## Task data

____

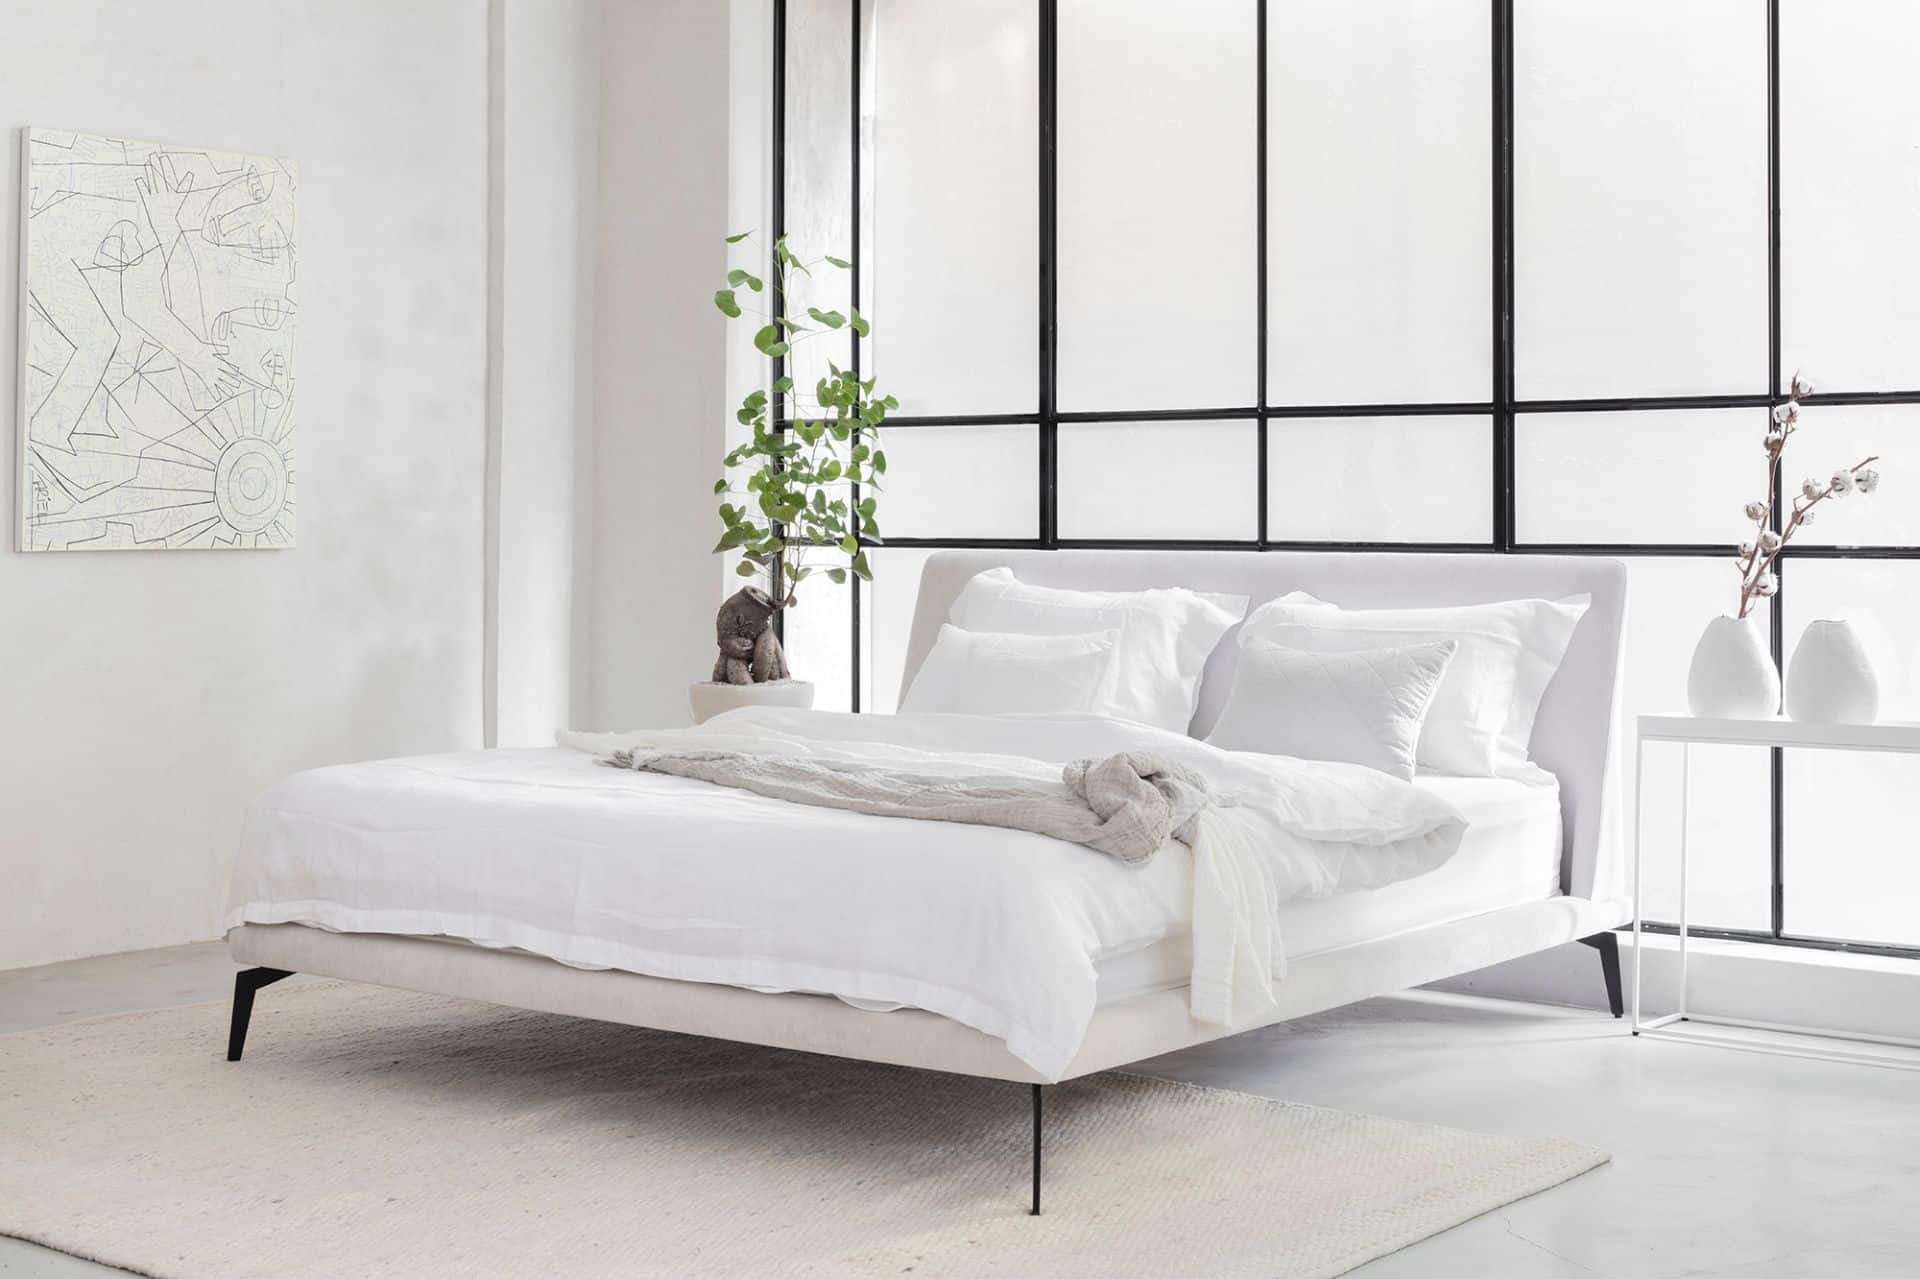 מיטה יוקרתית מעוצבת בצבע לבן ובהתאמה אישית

____

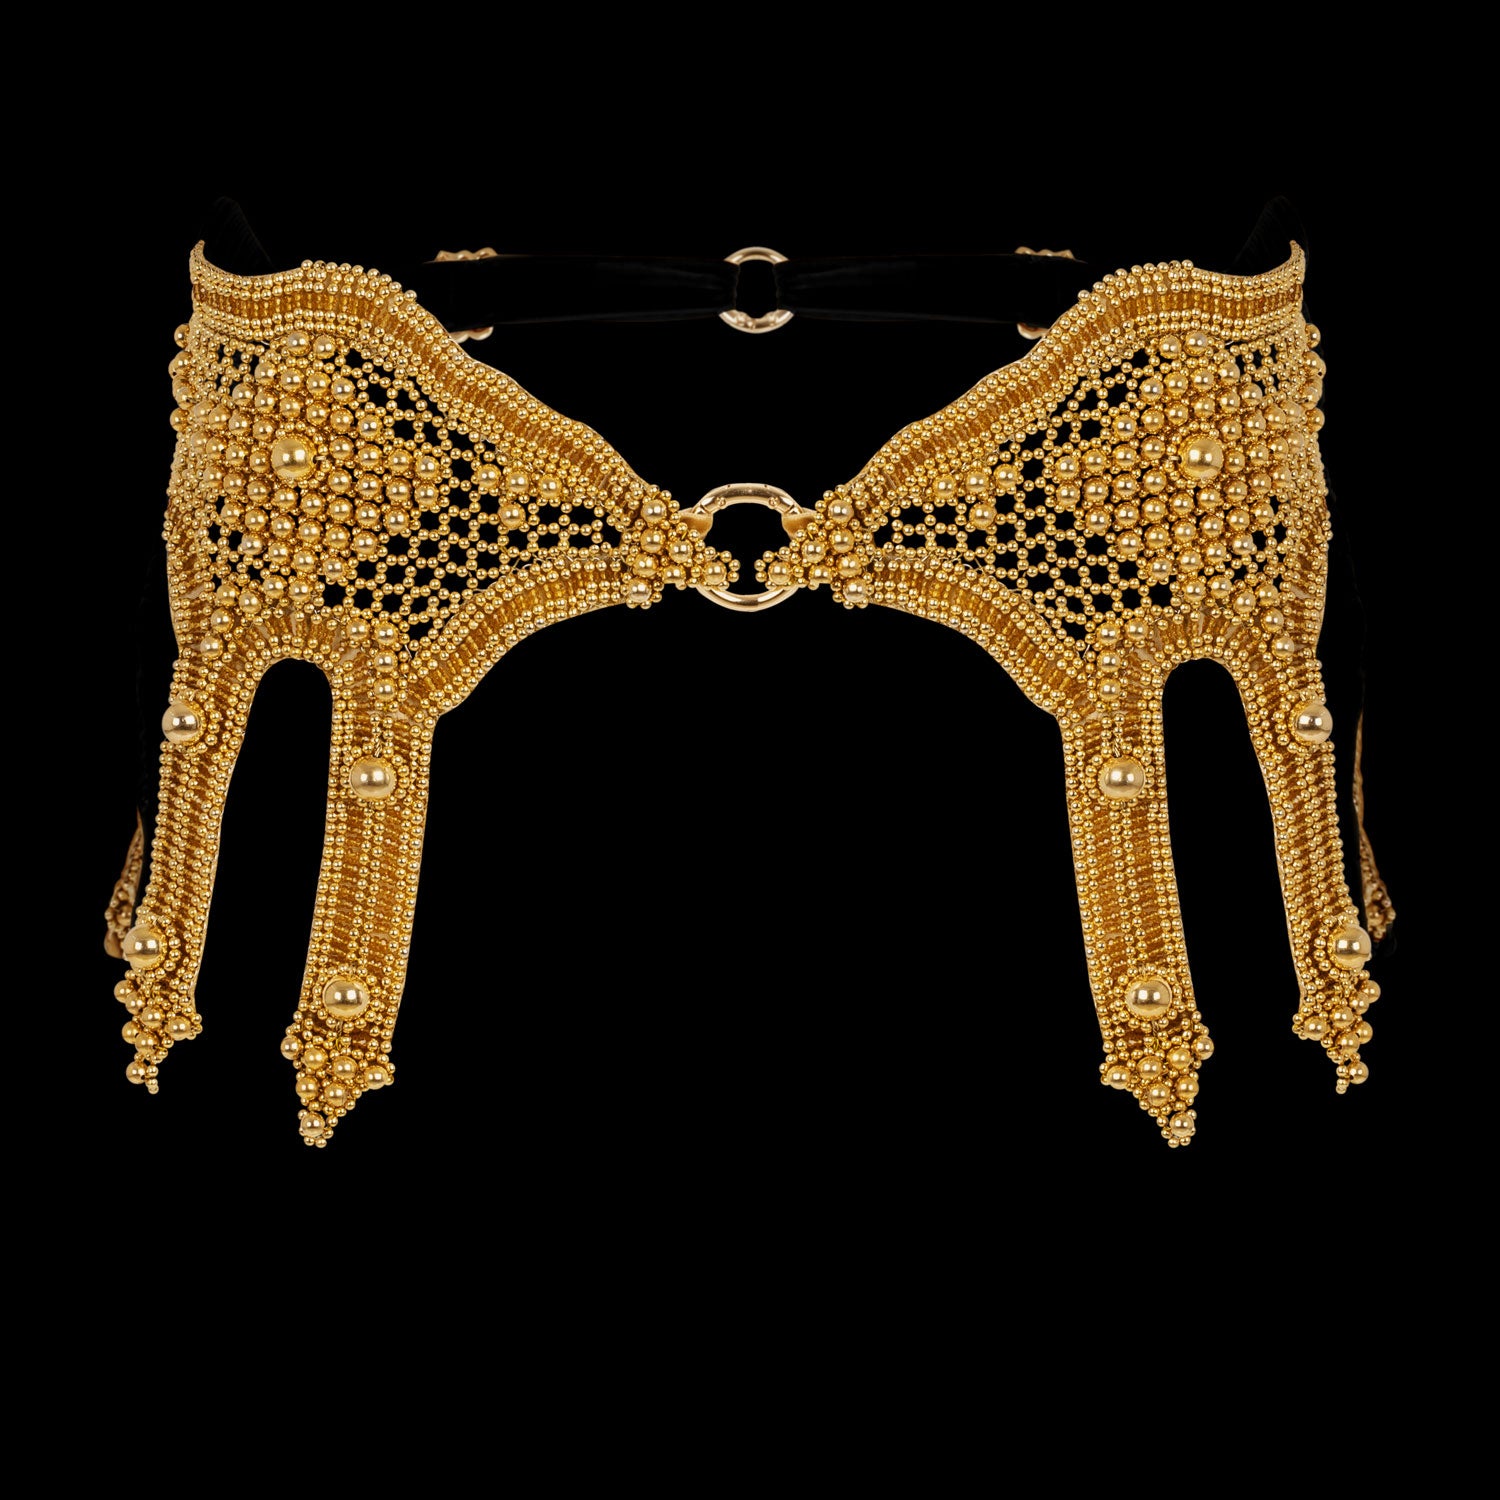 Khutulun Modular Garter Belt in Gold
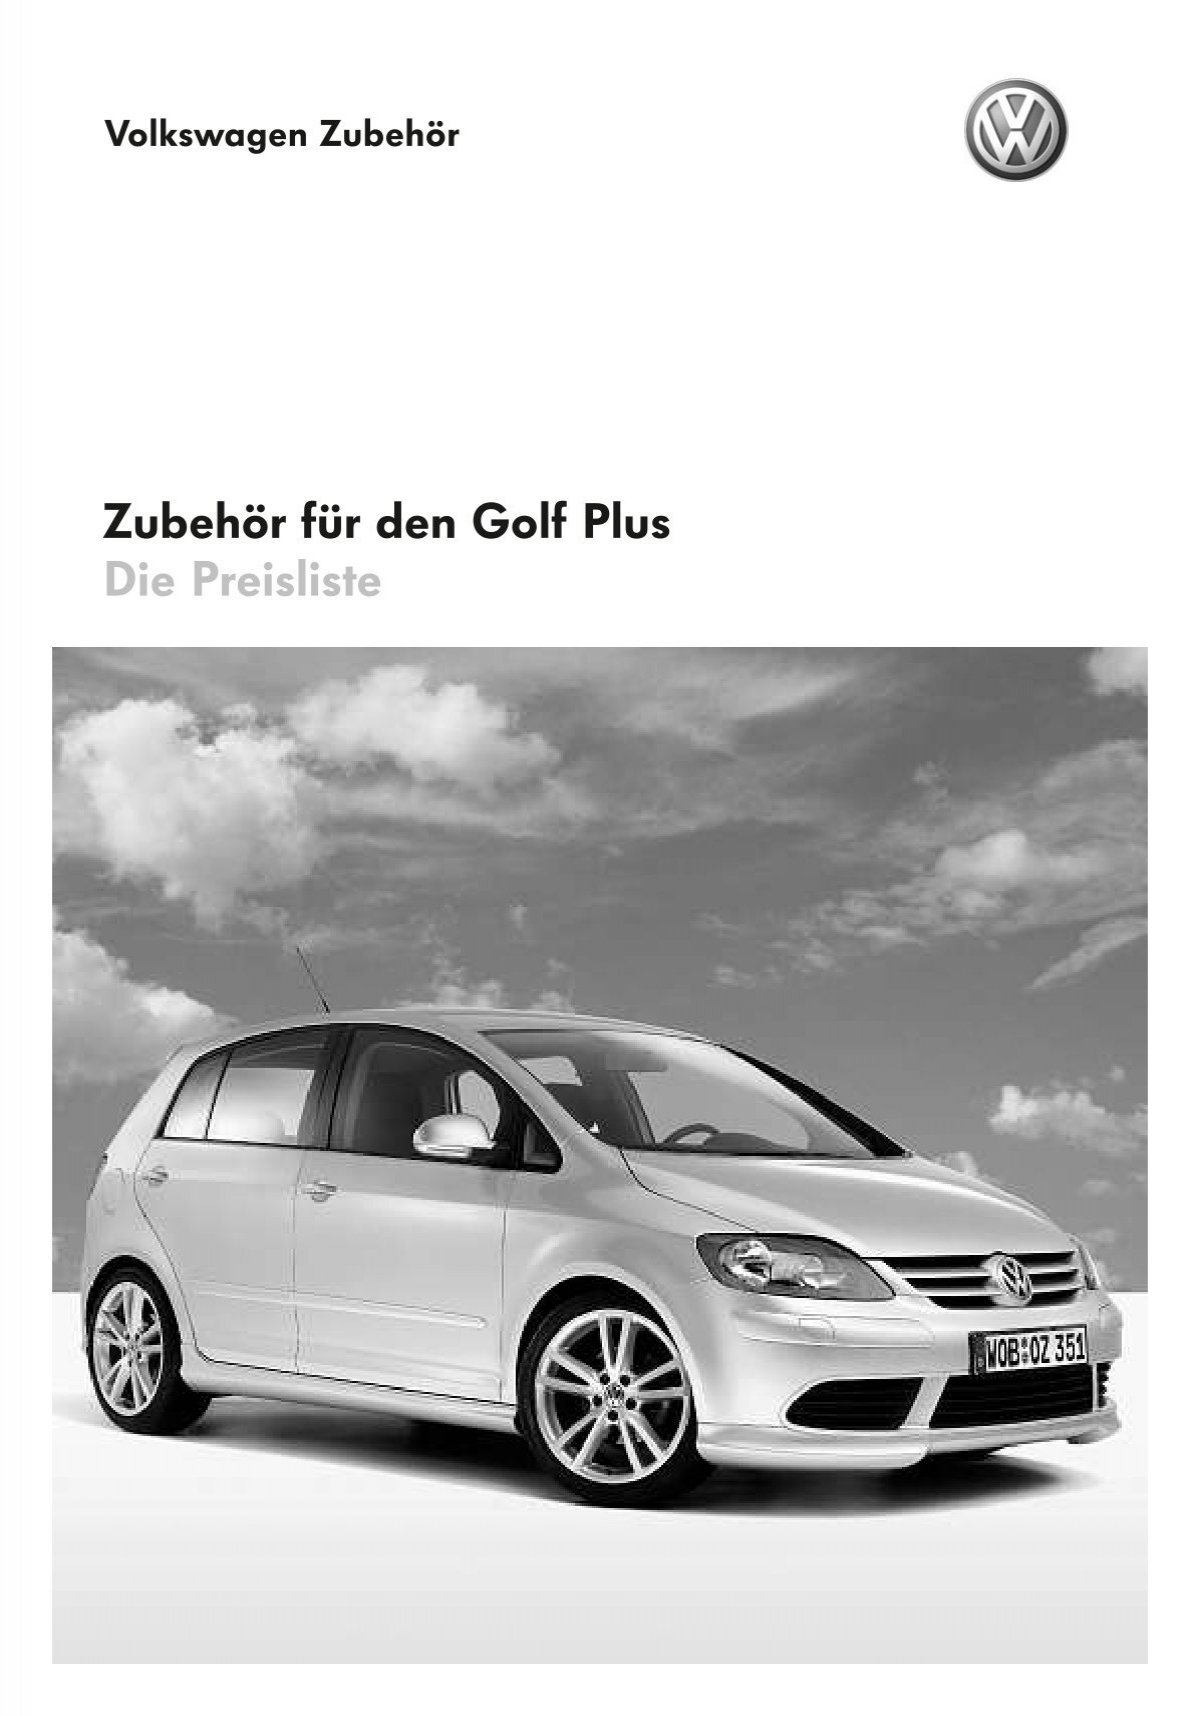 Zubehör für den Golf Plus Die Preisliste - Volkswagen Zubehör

____

## What to work on
Reproduce the listing above only between the lines holding "Khutulun Modular Garter Belt in Gold" and "Zubehör für den", inclusive. Every line must match exactly, and pictures are dropped.

## Written reply
 Khutulun Modular Garter Belt in Gold
 Zubehör für den Golf Plus Die Preisliste - Volkswagen Zubehör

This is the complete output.